Abstract

The hardpan in a lowland rice soil, produced by the puddling process, can both restrict percolation to preserve wet-season rice yield and restrict the root growth and yield of subsequent non-rice crops. Disrupting the hardpan could benefit a post-rice crop grown in the dry season, but may increase wet-season percolation and hence can decrease wet-season rice yield.The effect of hardpan disruption on dry-season maize was assessed in three experiments under different irrigation water input conditions (high input under furrow irrigation, low input by increasing irrigation interval, and, in one experiment, with drip irrigation as well); two on a sandy-loam soil and one on a loamy-clay soil.

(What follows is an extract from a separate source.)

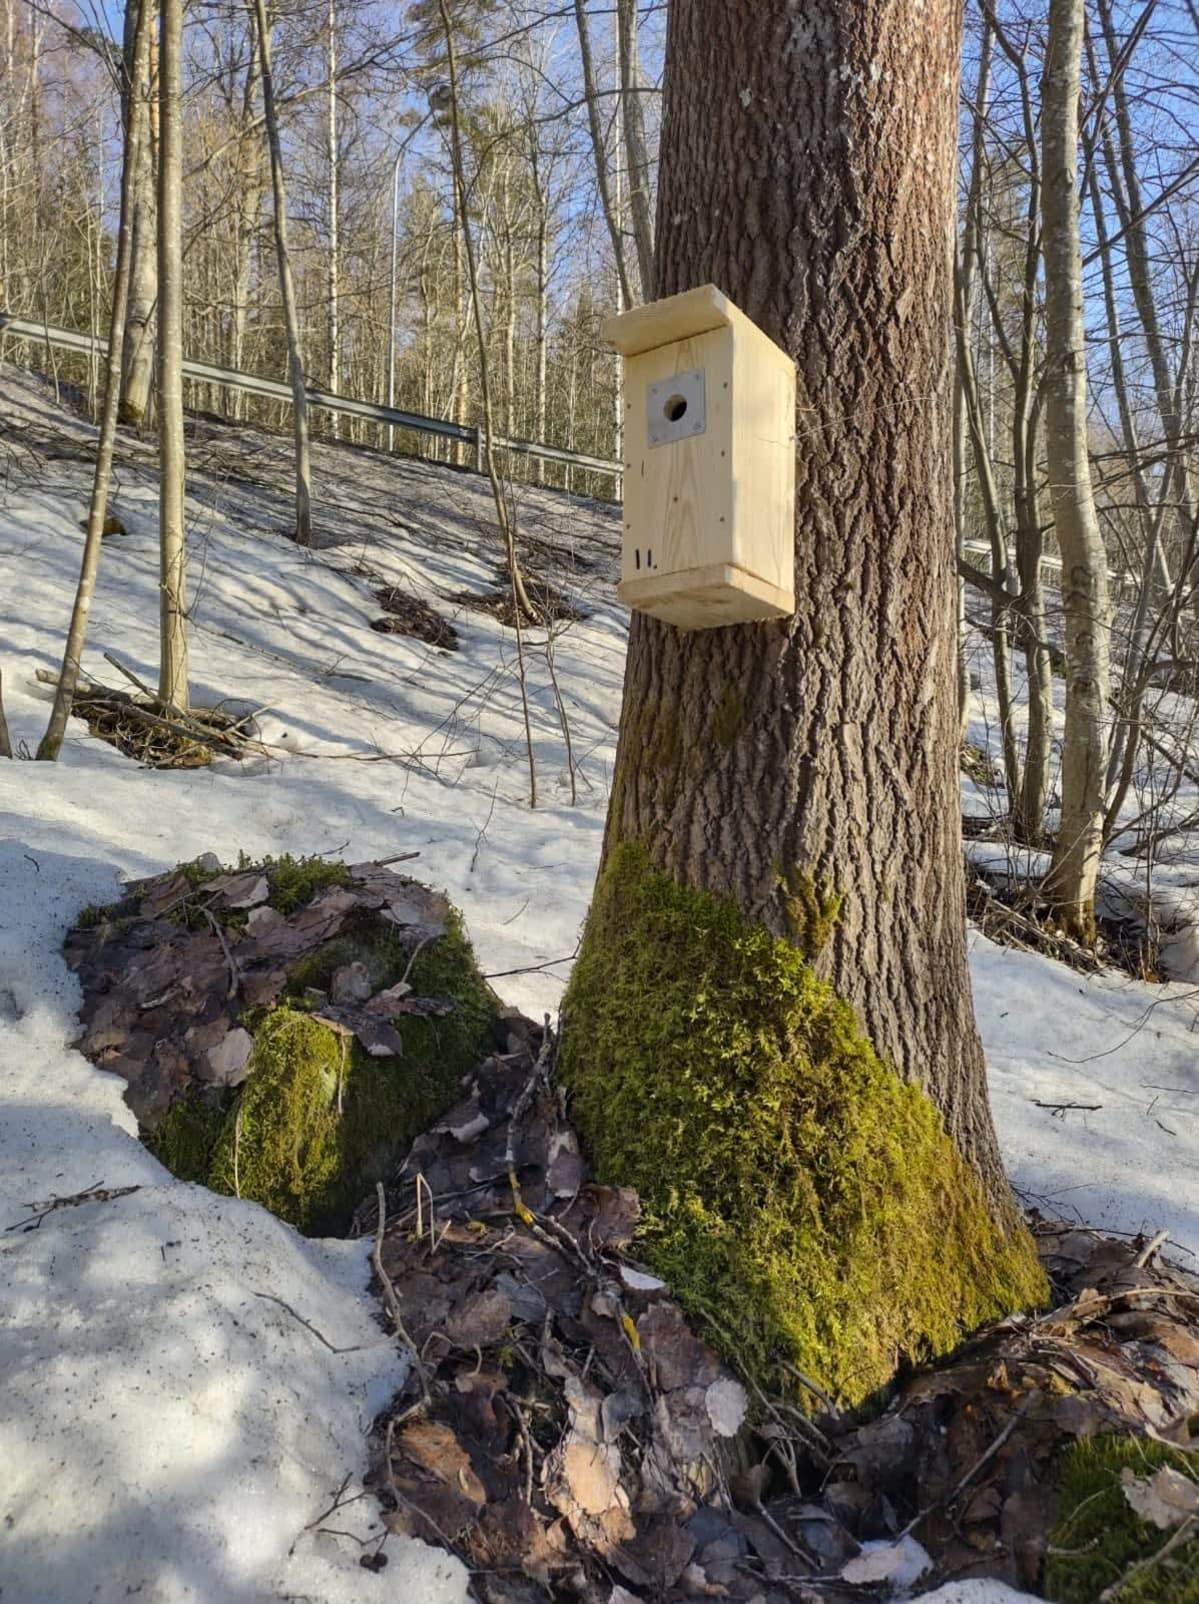 Linnunpönttö ripustettuna puuhun.

The effect of disruption on subsequent wet-season percolation was measured in two of these experiments.On a loamy-clay soil, the hardpan had a soil mechanical resistance (SMR) of 3.1MPa and hardpan disruption had no effect on maize grain yield. On a sandy-loam soil with a hardpan of average peak SMR of 4.5MPa, in one year, disruption increased yield by 14% and there was no interaction between hardpan disruption and water input. In the previous year with an average peak hardpan SMR of 5.2MPa, however, there was interaction between hardpan disruption and water input: hardpan disruption increased grain yield and water productivity (grain yield per unit water input) by 29% with drip irrigation and by 24% with high water input, but had no significant effect with low water input.Hardpan disruption had no effect on percolation in the following wet season, although it increased percolation by 56–70% in two of the four fields in the first 30 days after transplanting. Consequently, hardpan disruption gave gross benefits 2.7–9.8 times the costs of disruption, with a maize price of US$ 180t−1, in those situations where it increased maize grain yield.